[DATASET CONTENT]
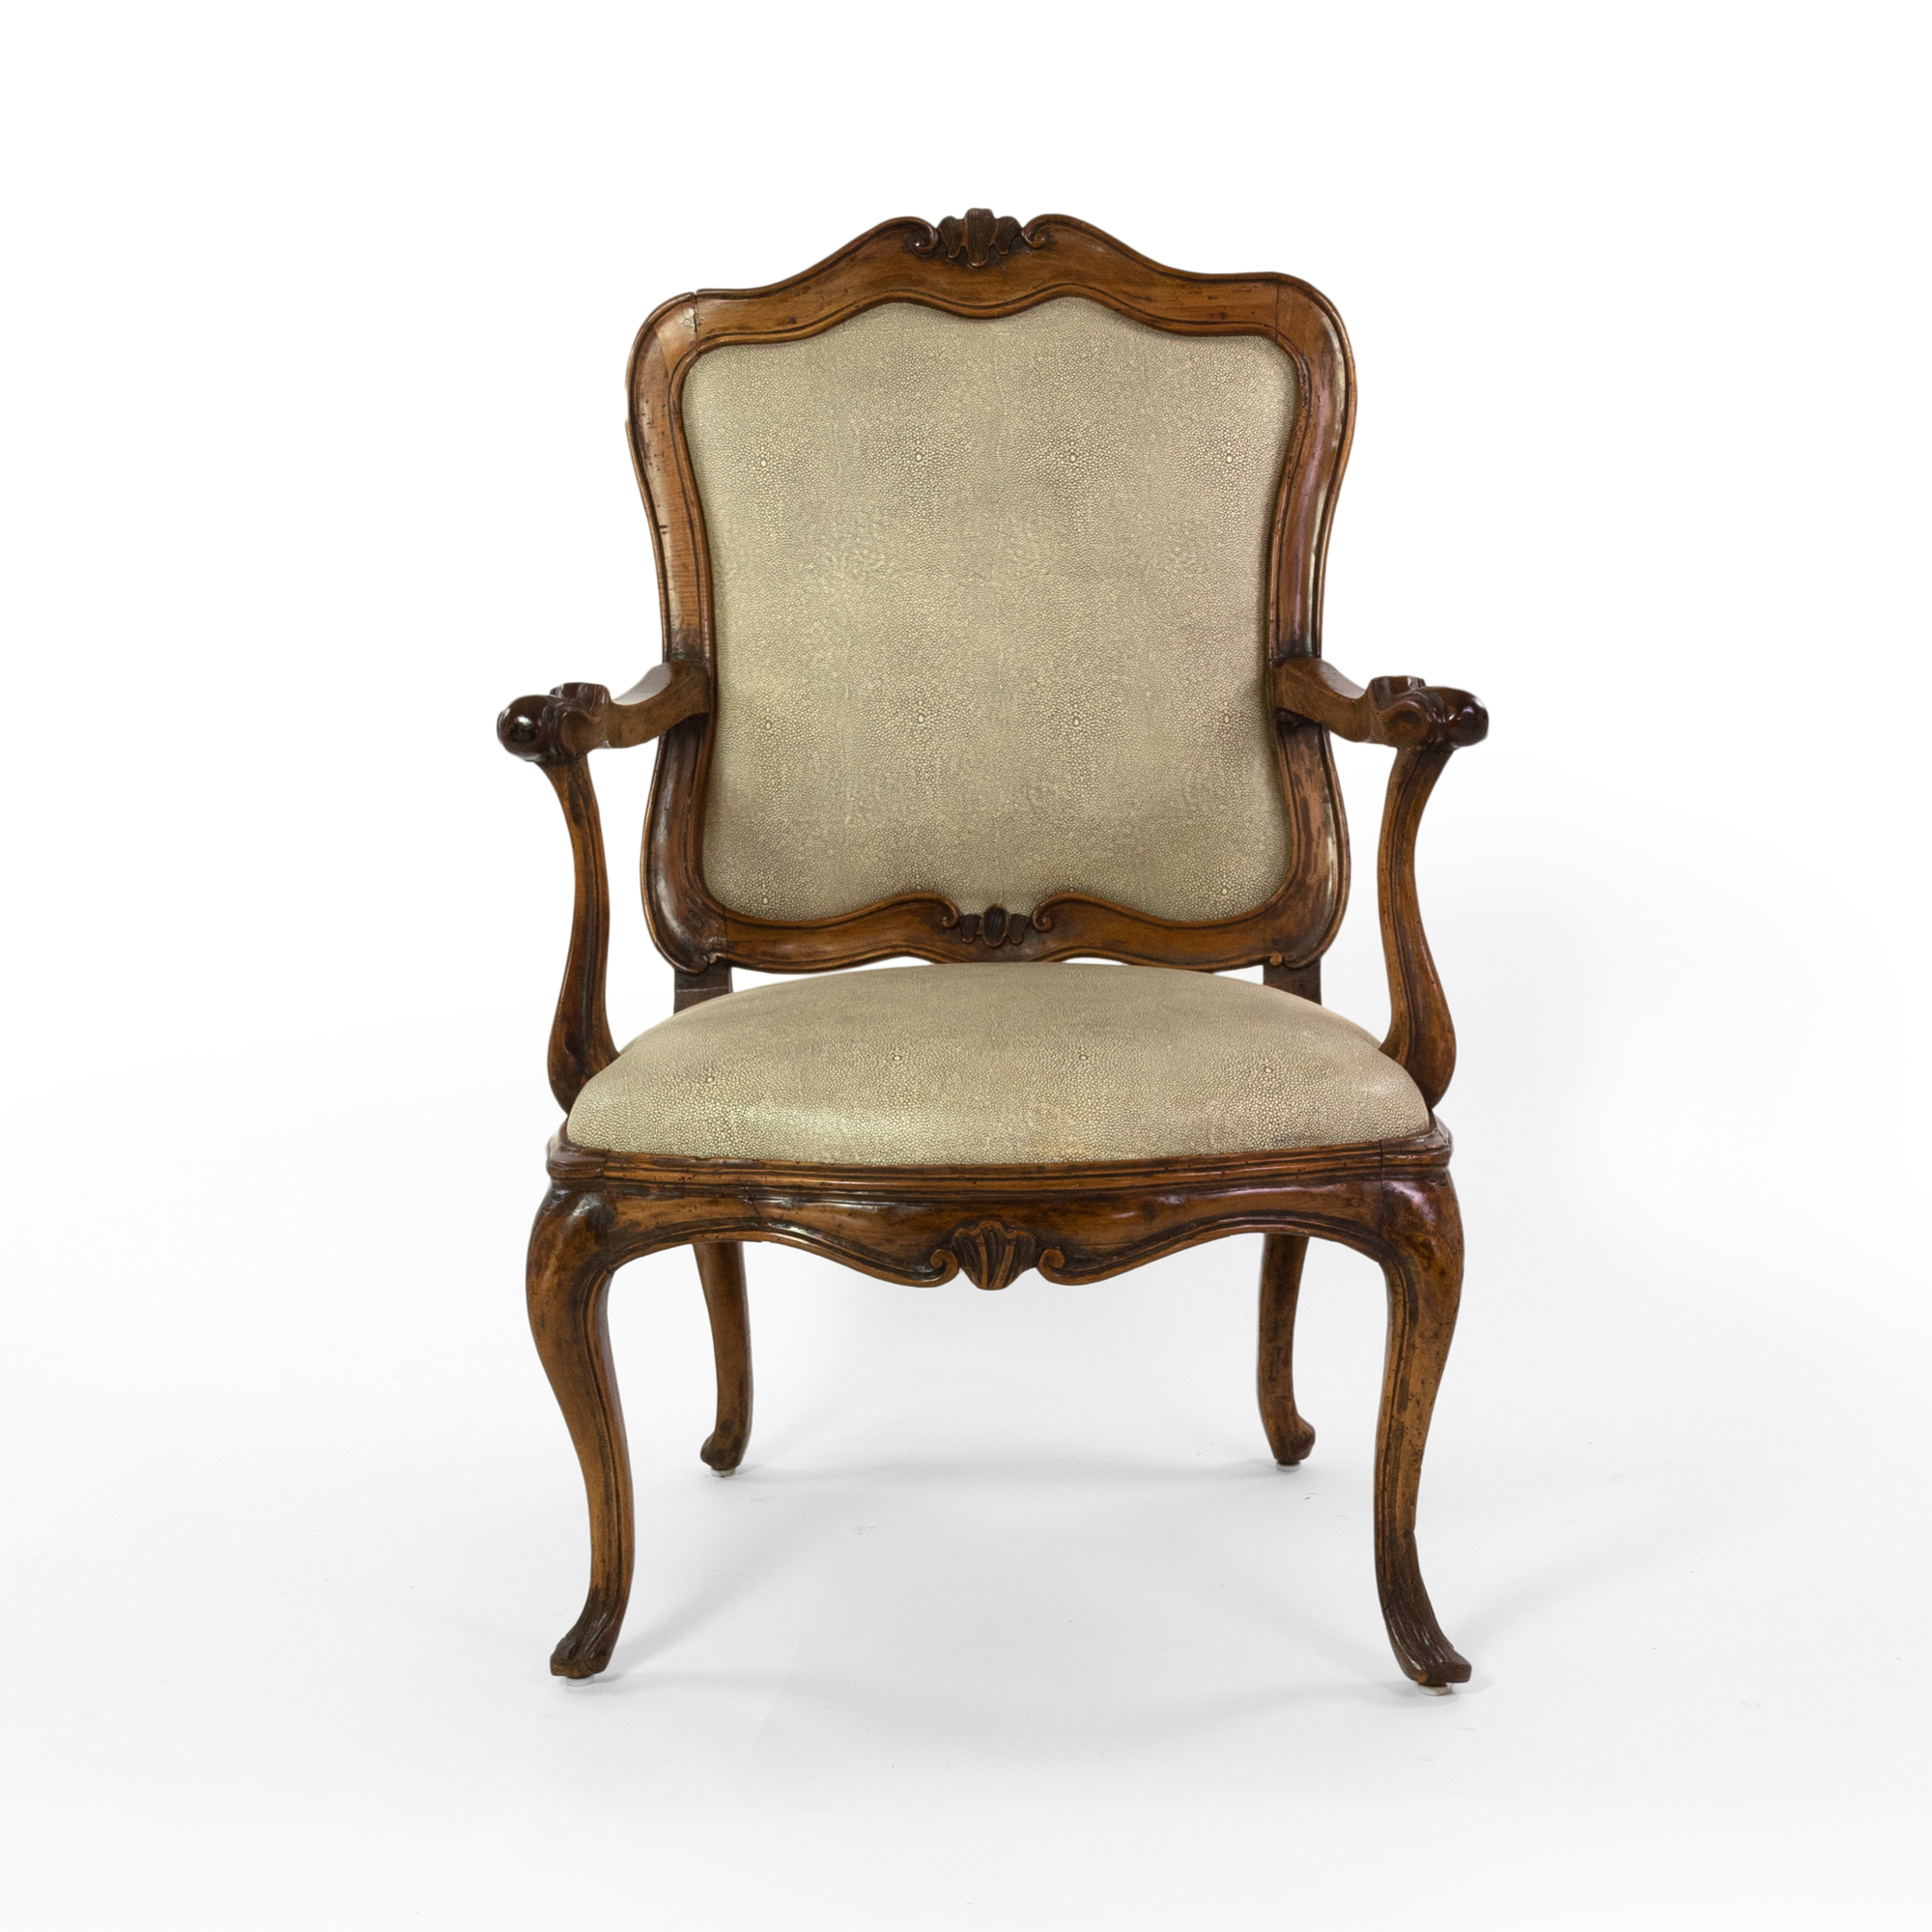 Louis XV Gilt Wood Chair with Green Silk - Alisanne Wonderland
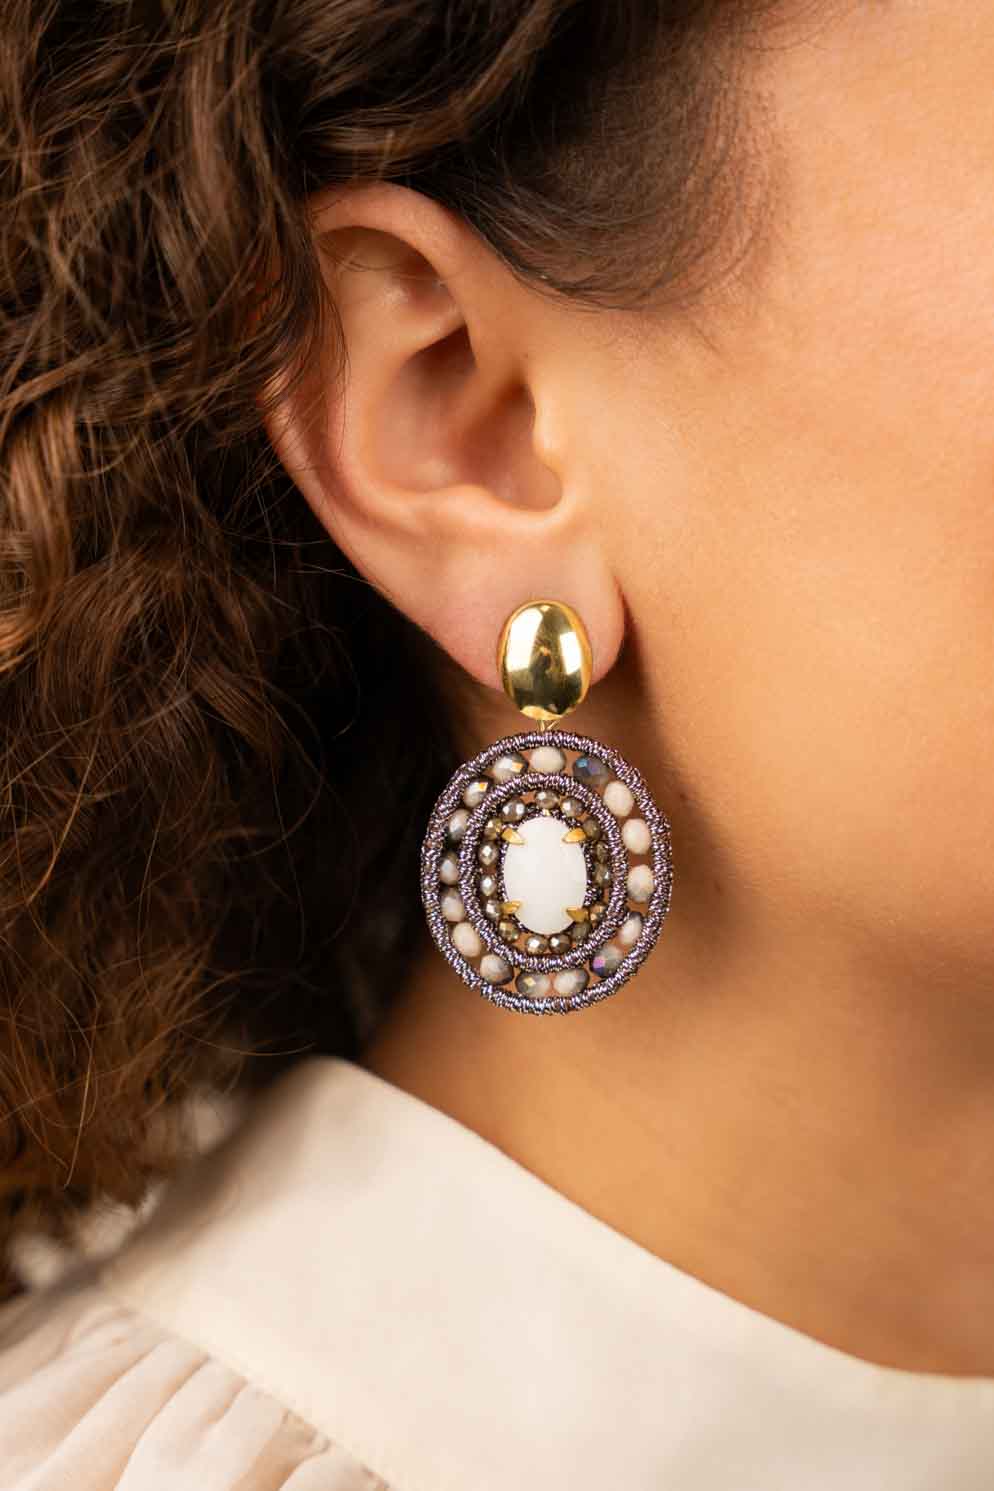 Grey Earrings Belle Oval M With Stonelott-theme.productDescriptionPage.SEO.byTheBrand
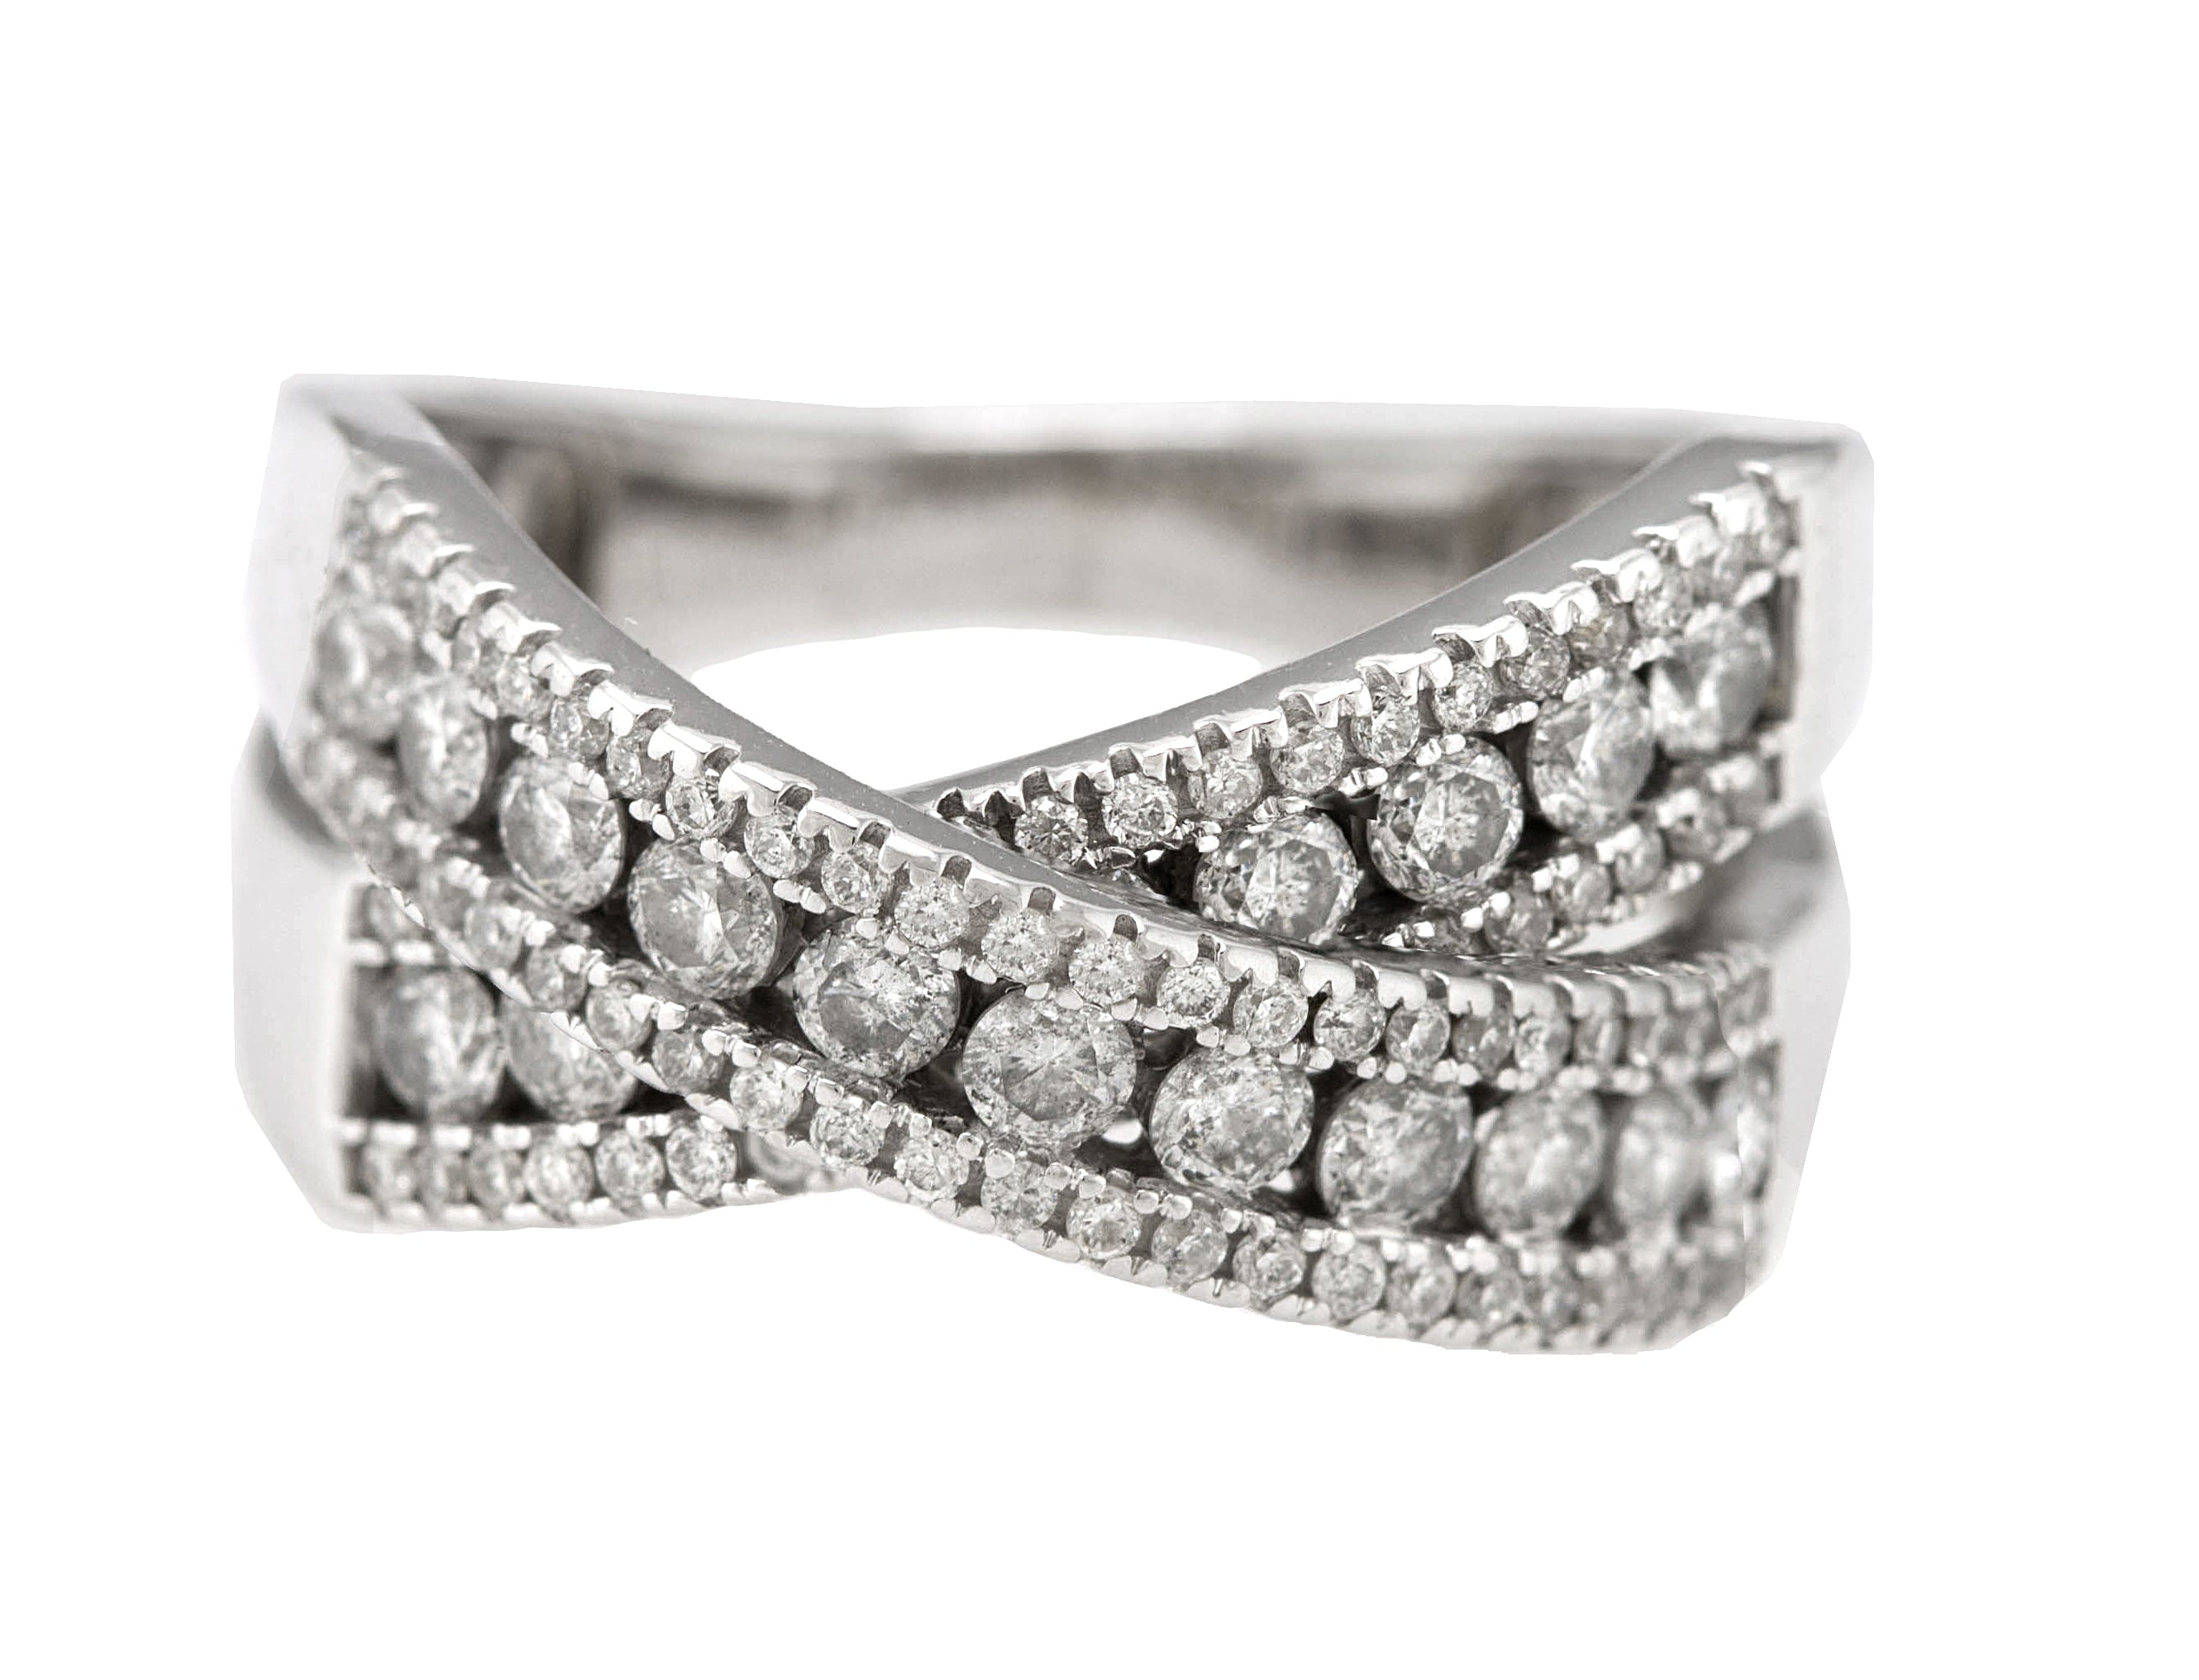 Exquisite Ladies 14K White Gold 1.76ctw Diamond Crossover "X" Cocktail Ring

[EXERCISE OBJECTIVE] Leave every picture out. Retype the remaining data exactly.

[SOLVED PROBLEM]
 Louis XV Gilt Wood Chair with Green Silk - Alisanne Wonderland
 Grey Earrings Belle Oval M With Stonelott-theme.productDescriptionPage.SEO.byTheBrand
 Exquisite Ladies 14K White Gold 1.76ctw Diamond Crossover "X" Cocktail Ring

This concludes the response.